Vhils (Photo © Ian Cox)
But Mr. Reed, the visionary engine behind this elaborate and accessible street art installation, doesn't limit himself to organizing just one large festival. Instead he double-tracks it with a hefty electronic-based music festival born from his years as a techno DJ and promoter. Numusic this year featured performances by luminaries like Kraut Rock granddaddies Neu! and American hip-hop cornerstone Grandmaster Flash.
The affable bad boy Reed took a moment this week to look at his route to success so far and tell BSA about what the Nuart festival is and why it is important to him.
Brooklyn Street Art: Putting on a festival of this magnitude must be a big task. How do you do it?
Martyn Reed: Actually, this year, though the largest in scale, was a much easier production than we've been used to. We've learned so much from previous events. All of this years artists were painters, so once set up, people were pretty autonomous. It helped that we spread out the production period to cover two weeks.
Dotmasters (Photo © Ian Cox)
Brooklyn Street Art: What has been the town folks' main reaction when they see all the big creatures on the walls of their city?
Martyn Reed: It's incredible, there's nothing but love for Nuart in this city, and it's spread across a really broad demographic, from toddlers to grandparents, and from bakers to the city mayor.
It's interesting because in a city this size anything new, any new developments in culture for example, are judged on their intrinsic merits and not due to media hype or "trends". The city has a population of 120,000 and though a few will be aware of Banksy, Dolk etc., that will be it.
Vasmoulakis Alexandros (Photo © Alexandros)
The art isn't really tied to a "culture", to Juxtapoz, or hipsters or the gallery set or to limited edition sneakers and vinyl toys or any of the other commercial detritus that's blossomed around the scene. It's simply art on the street; big bold beautiful artworks that noticeably improve the surroundings. It's astonishing to me that more city councils around the world haven't yet embraced and recognized the value of Street Art.
Evol (Photo © Ian Cox)
Brooklyn Street Art: You have combined music with the plastic arts. Is there a cross-over between the two? Does one influence the other when curating the festival?
Martyn Reed: Interesting question, but the short answer is no, not anymore. It's interesting in that Nuart was established to explore the questions you raise.

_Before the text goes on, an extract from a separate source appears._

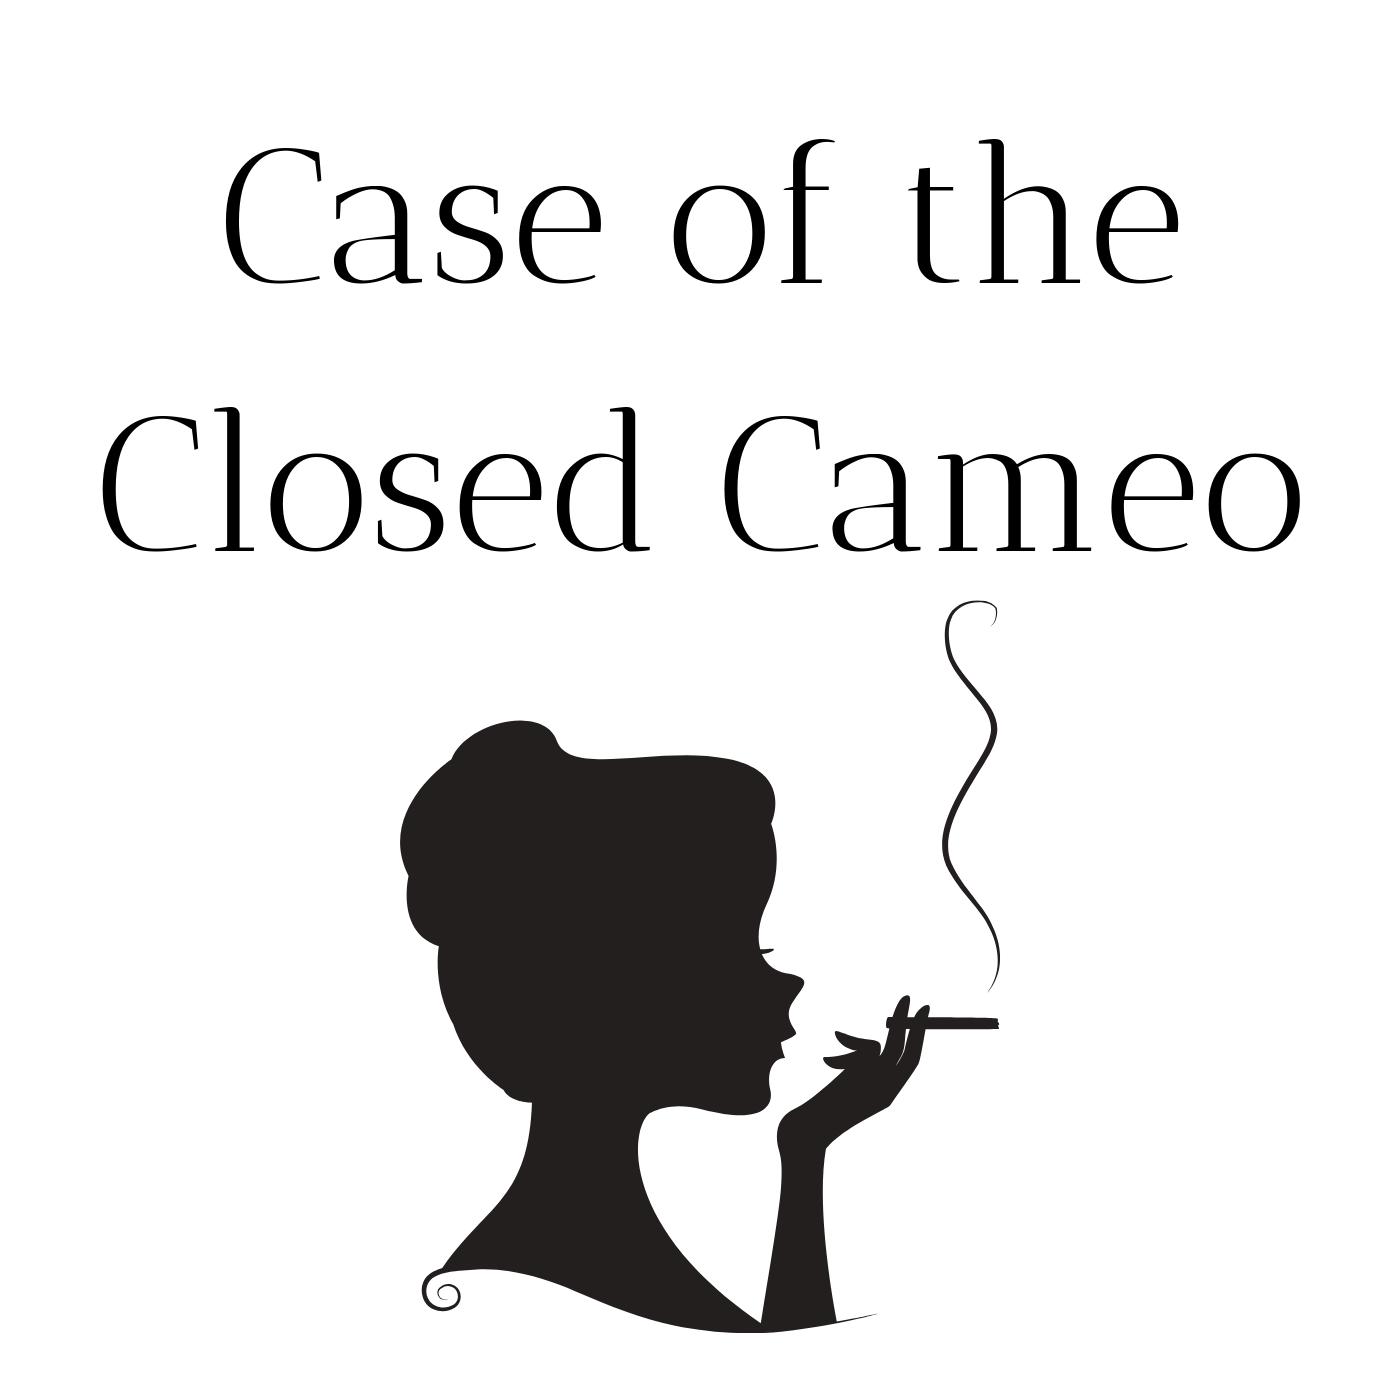 745 - The Case of the Closed Cameo   Big Farm in the Sky P.I. S2 E2

The Numusic festival, like many other European electronic music festivals, was born from an involvement in early rave and club culture. The social lives of art students began to merge with their studies and aspects of their academic pursuits began to influence club culture; especially with VJs, the early web, digital arts and new media. This proved an especially fertile and creative arena for subversives and artistic outsiders who naturally gravitate to these still lawless new frontiers.
ROA (Photo © Ian Cox)
I'd had an interest in Street Art through Banksy, having DJ'd at Cargo in London where he had his first UK show in 2001, I think. It hadn't occurred to me until 2005, when I took over the curation of Nuart, that Street Art was occupying the same ground as these early digital pioneers had previously with a similar message, greater coverage, mass appeal and the price of a craft knife and Internet connection. Suddenly new media looked like the bloated expensive state sanctioned art-form it was, obsessed with the technology of production when the real technological revolution was in its ability to distribute.
Dolk (Photo © Ian Cox)
Dolk (Photo © Ian Cox)
Brooklyn Street Art: Did you grow up in a family where the arts and music were a big part of growing up? If not when did you realize that music and art were your calling?

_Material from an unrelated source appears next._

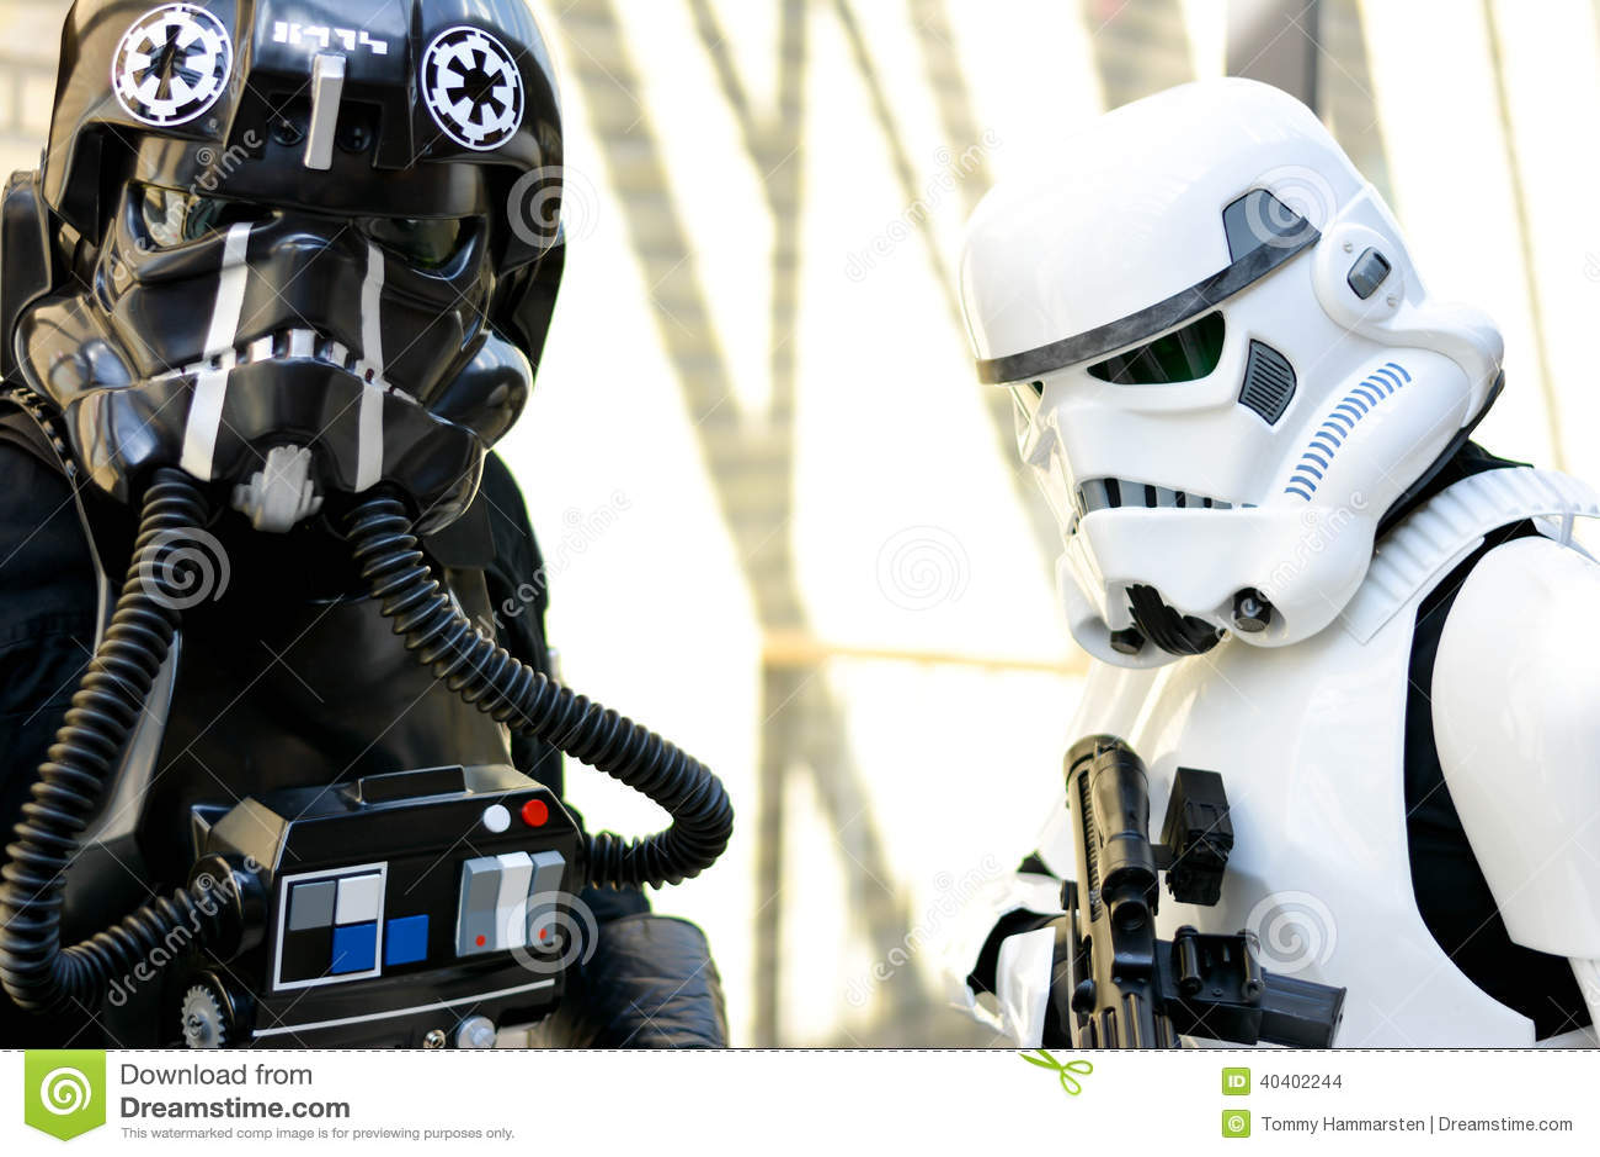 Stormtroopers Звездных войн

Martyn Reed: No, quite the opposite - lower working class council estate upbringing; trailer trash in your parlance. I didn't know universities existed until I was maybe 17 or so, left home and school at 16 and just tried to get on.
M-City (Photo © GT)
During all these centuries of the celebration of high art, of its life-affirming philosophies, the glorification, elevation and idolization, it's monuments to human artistic achievement and even more monumental museums celebrating its history, you'd think, somewhere down the line..an attempt would have been made to bring this to my council estate-to our lives.
Because I know for a fact, art is not only capable of "improving" lives, but of saving them also. Literally.

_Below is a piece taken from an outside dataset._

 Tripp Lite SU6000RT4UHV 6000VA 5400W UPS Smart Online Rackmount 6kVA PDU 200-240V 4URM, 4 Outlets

But for all the grandstanding, the "high" arts don't run that deep, which is why I'm a massive supporter and promoter of Street Art.
As for realizing, not sure, to be honest, from a very early age I always felt like I was on the outside looking in, and the "in" seemed to be missing a few things. I guess Nuart is my attempt to provide the community and the artists (and my 4 year old kid), with the thing that I missed.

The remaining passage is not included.